Panasonic's debt stood at 950 billion yen ($12 billion) in late June, against 120 billion yen in late March 2010, Moody's said.

"The rating actions reflect Panasonic's low level of profitability and elevated leverage," the agency said in a statement on Monday.

"Moody's expects them to improve but only slowly, given the weak demand and intense competition in many of its end-markets," it added.

Panasonic logged a net profit of 12.8 billion yen in the April-June quarter, reversing a shortfall of 30.4 billion yen a year earlier.

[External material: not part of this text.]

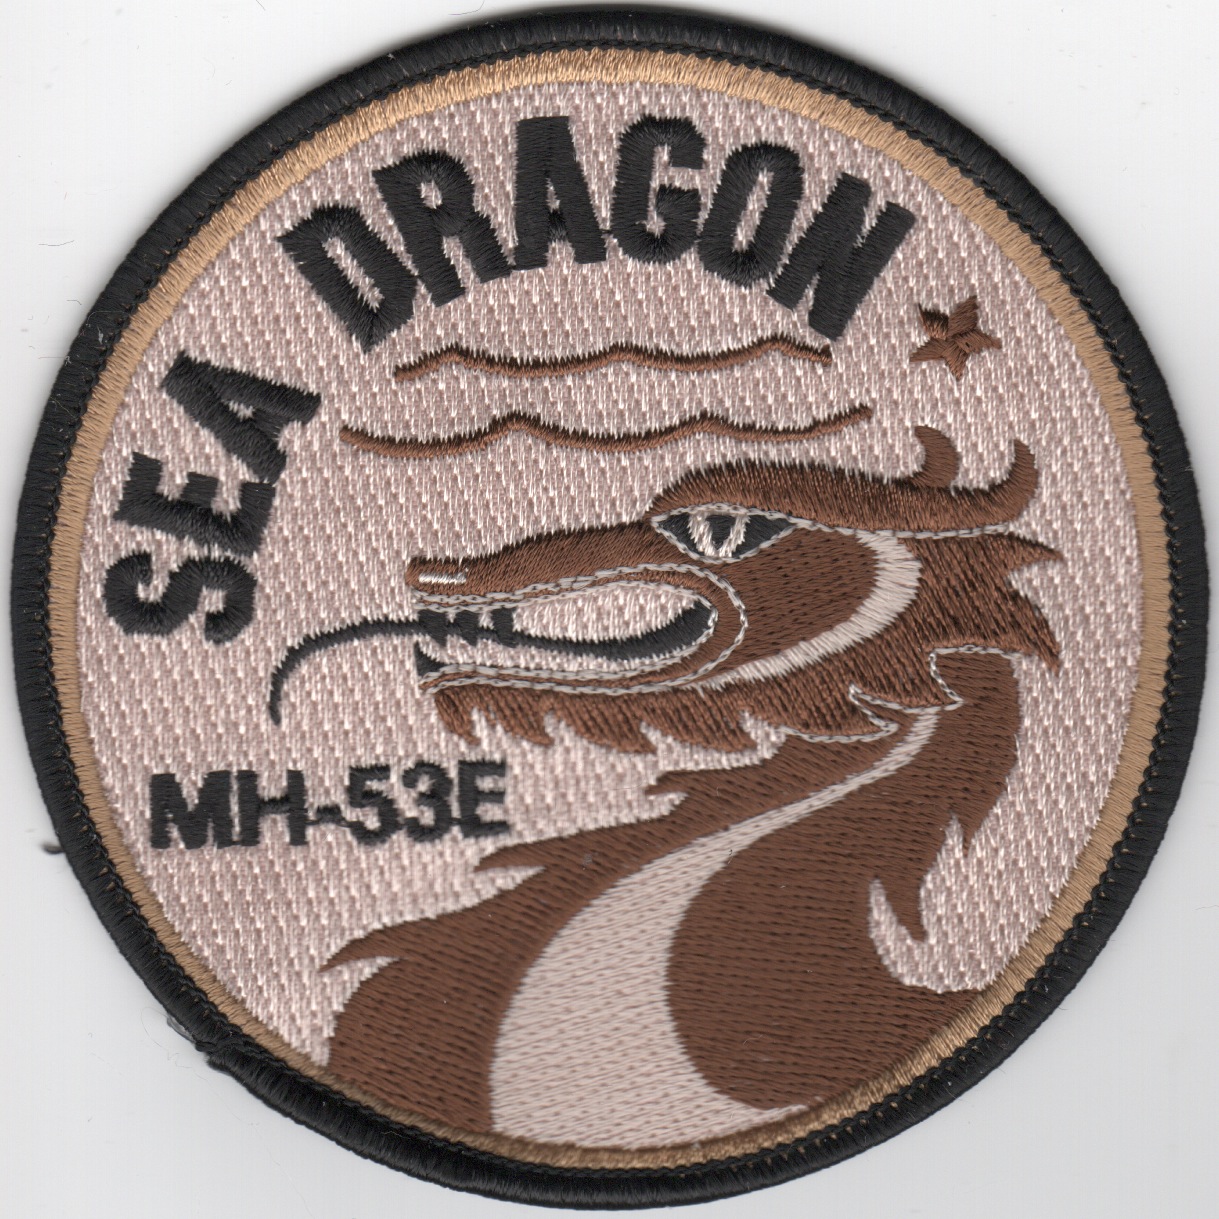 MH-53E 'Sea Dragon' (Des)
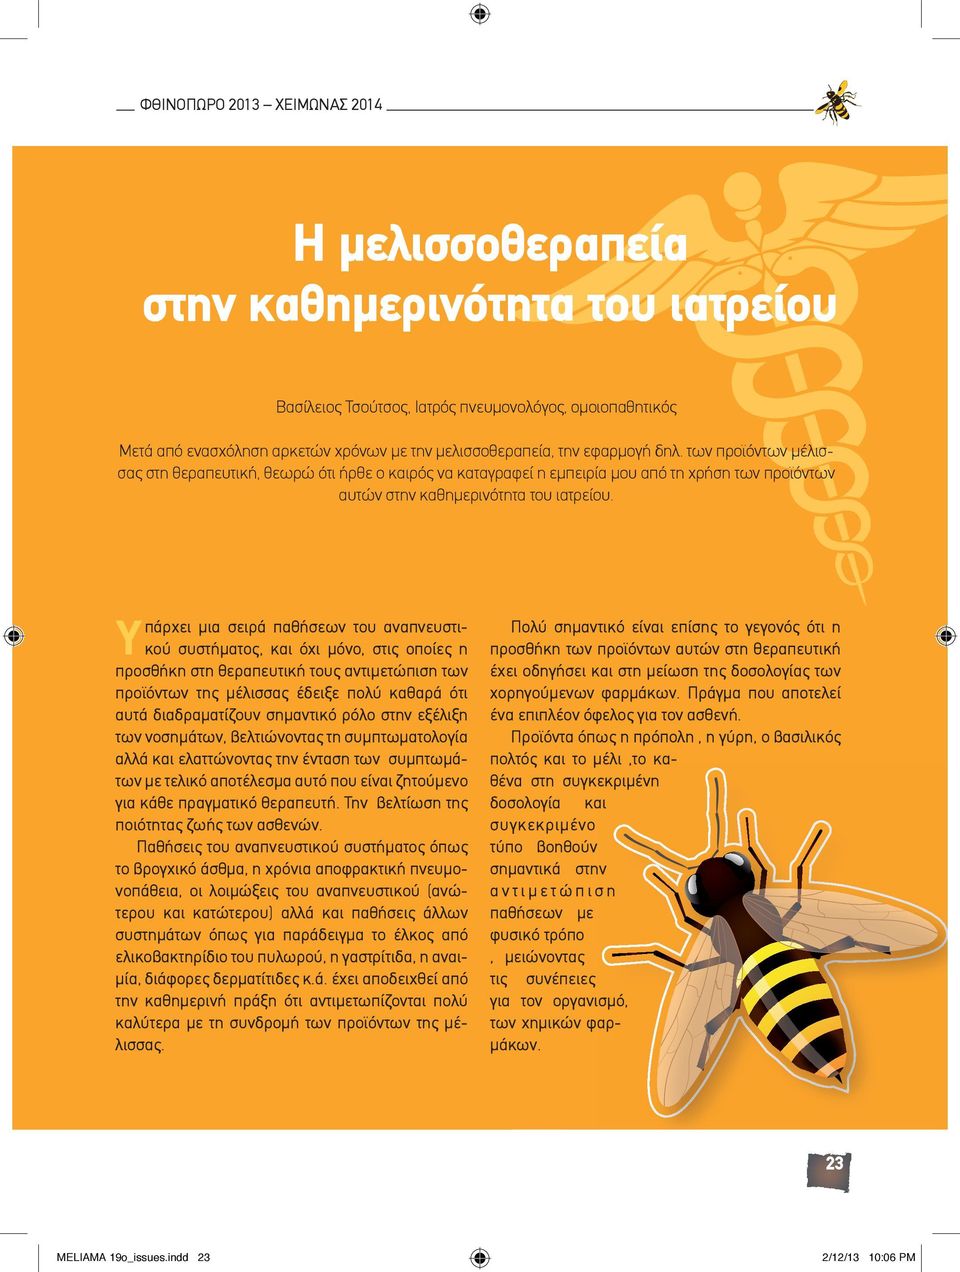 Υπάρχει μια σειρά παθήσεων του αναπνευστικού συστήματος, και όχι μόνο, στις οποίες η προσθήκη στη θεραπευτική τους αντιμετώπιση των προϊόντων της μέλισσας έδειξε πολύ καθαρά ότι αυτά διαδραματίζουν

But in the previous fiscal year it suffered a record 772.2 billion yen net loss, one of the worst-ever losses for a non-financial Japanese firm.

Japan's electronics sector has been badly hit by the appreciation of the yen, which makes exporters' products less competitive overseas, while falling prices and slow demand at home have also eaten into profits.

Competitors including South Korea's Samsung (IW 1000/15) and U.S. giant Apple (IW 500/9) are offering stiff competition, with high-resolution display technology a key battleground as demand intensifies for smartphones, tablet computers and other gadgets.

Panasonic has already announced a major restructuring of its liquid crystal display manufacturing division, and is reportedly considering shifting all of its mobile phone handset production overseas because of high costs at home.